The Man Who Left Is Not the Man Who Came Home
Ropetackle Arts Centre
Good quality verbatim theatre is not always easy to find, particularly in suburban theatres and arts centres. Hurrah for The Man Who Left Is Not the Man Who Came Home which is currently touring after starting life at The Maltings in Farnham.
Born out of writer Kevin Dyer’s wish to share stories of women “who watched their men go”, this feels like a play for the modern day, so vital and up to date, with government cuts, world conflict and our understanding of PTSD improving every day. As part of the tour, The Man Who… stopped off at the brilliant community theatre The Ropeshackle Arts Centre to tell this Shoreham audience about “real lives at times of immense change.”
The piece often feels like a Radio 4 ‘play for the day’, a documentary drama feature with the narration from ‘real’ military wife Samantha Trussler interspersed with dramatic dialogue and flashbacks. Samantha clearly tells us that this is not her story being presented, yet there are moments that seem to resonate with her personally as she struggles to watch some of the more intensely angry scenes. This in itself is engaging as we try to imagine what life is like for the couples whose own lives are impacted by work in the armed forces.

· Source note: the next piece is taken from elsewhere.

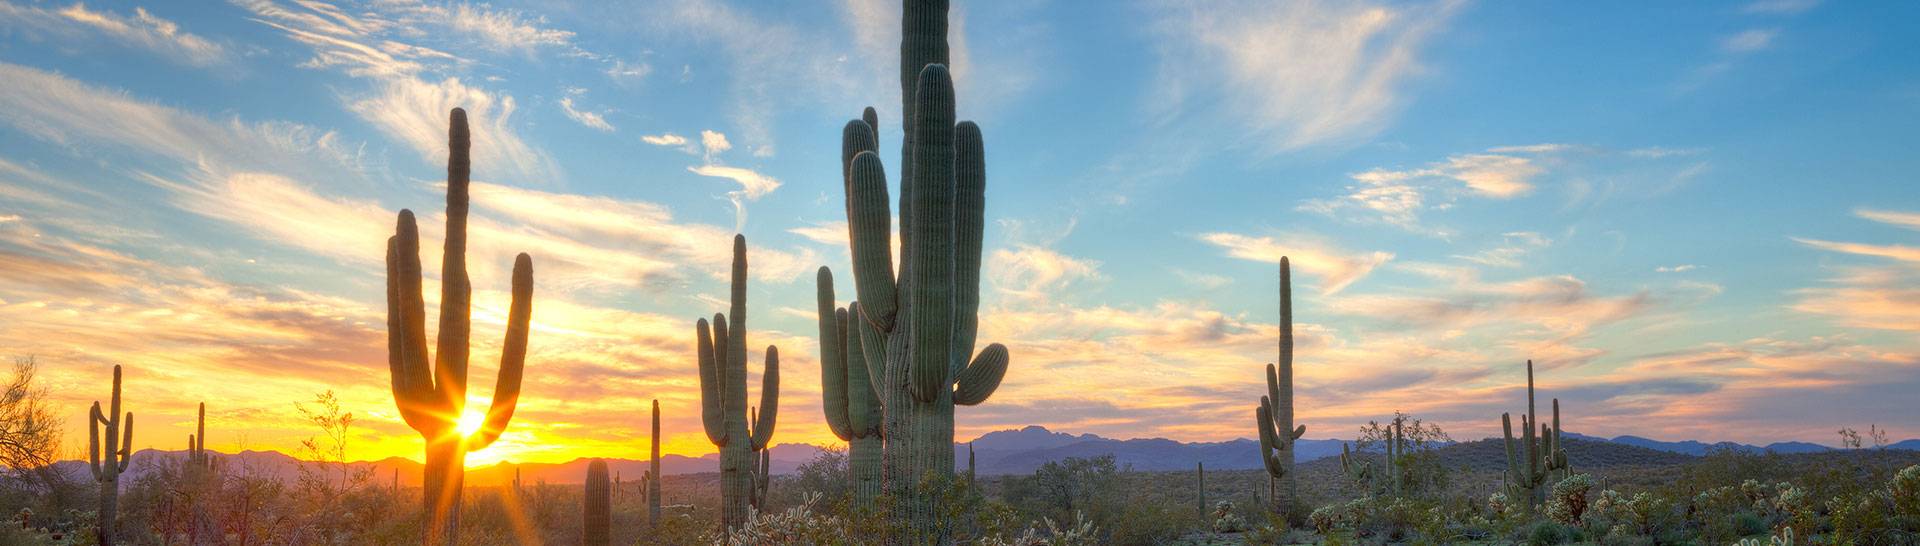 Arizona landscape sunset with Saguaro Cactus

It is rare that new writing has the opportunity to be so well researched and performed with such naturalistic commitment but this is one of those wonderful evenings of a synthesis of strong writing, subtle direction and performers who had clearly bought into their characters.

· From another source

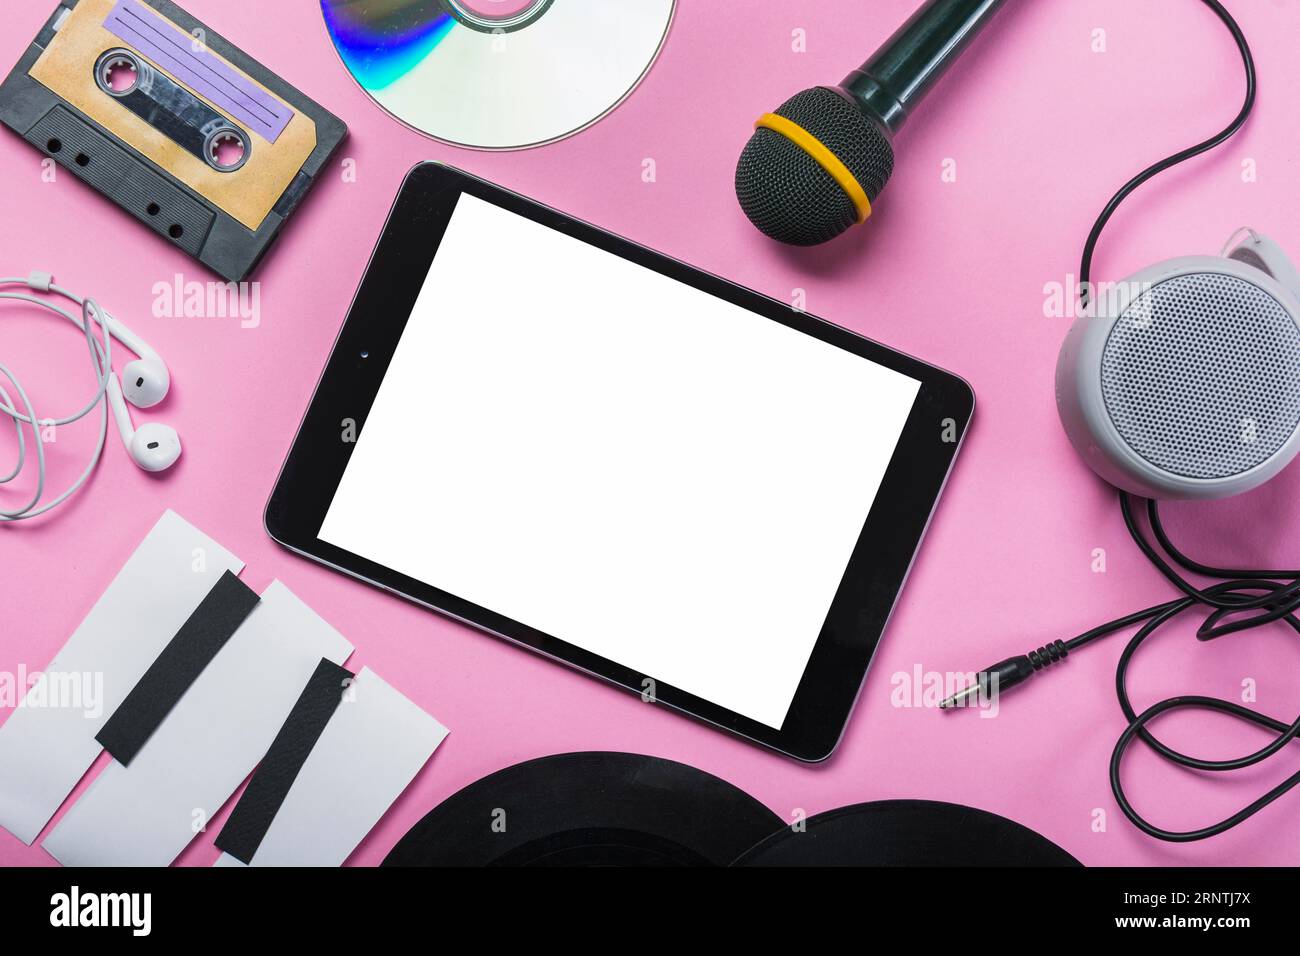 Cassette tape cd earphone vinyl record microphone speaker paper piano keys around digital tablet pink background Stock Photo

For those that like their theatre to have sparks of originality, they won’t be disappointed with this production. There are many moments that challenge theatrical convention, which just adds to the engaging storytelling of Dyer’s script. Sam Wilson’s Ashley is already on stage offering to make pancakes for the audience as we wait for the start of the show, not quite knowing what to expect next. This creates a gentle way into the performance and offers a glimpse into the jovial, kind Ashley, the friendly soldier who left for war but did not come home the same man.
Wilson is well-cast as Ashley as we instantly warm to him and his charming wit. The change from before service to after is played effectively, without ever straying into villainous melodrama. We like Ashley, but we do not like whom he had become and this only helps to multiply the feelings of empathy towards his wife, Chloe, played by Stephanie Greer. The portrayal of their relationship is very convincing and, from the moment that Greer eats her first pancake through to the inevitable marital problems, there is never any doubt about her feelings of love, frustration and pain.
Perhaps the most interesting aspect of this particular performance is the way that the two stories are intertwined. It is such an interesting idea to have a ‘real’ storyteller, talking from experience, as this seems to make the performance more vital, more live and in the moment. Samantha Trussler speaks in an almost matter-of-fact manner, which in some ways makes her words more poignant. There is no dressing up of what the experience is like for those left at home and yet there is a glimmer of hope in Samantha’s own story which seems important. There are nice touches with David Haworth’s kitchen design and use of props to help tell various stories and keep us engaged with all of the action taking place in one space. The moments of drilling into the back of cupboards is a little distracting, though perhaps this may have been purposeful?
The performance was followed by a discussion with the audience, a reverse Q and A if you like, where the performers asked us, the audience, to share our thoughts and feelings. Suddenly the performance took a new turn and began a conversation that many wanted to carry on having, long after the lights had gone down. This is a fitting end to a really engaging piece, doing what all good theatre should do, namely leaving the audience reflecting on the performance well into the evening.
The tour continues throughout the country until the end of the month and I can’t recommend it highly enough.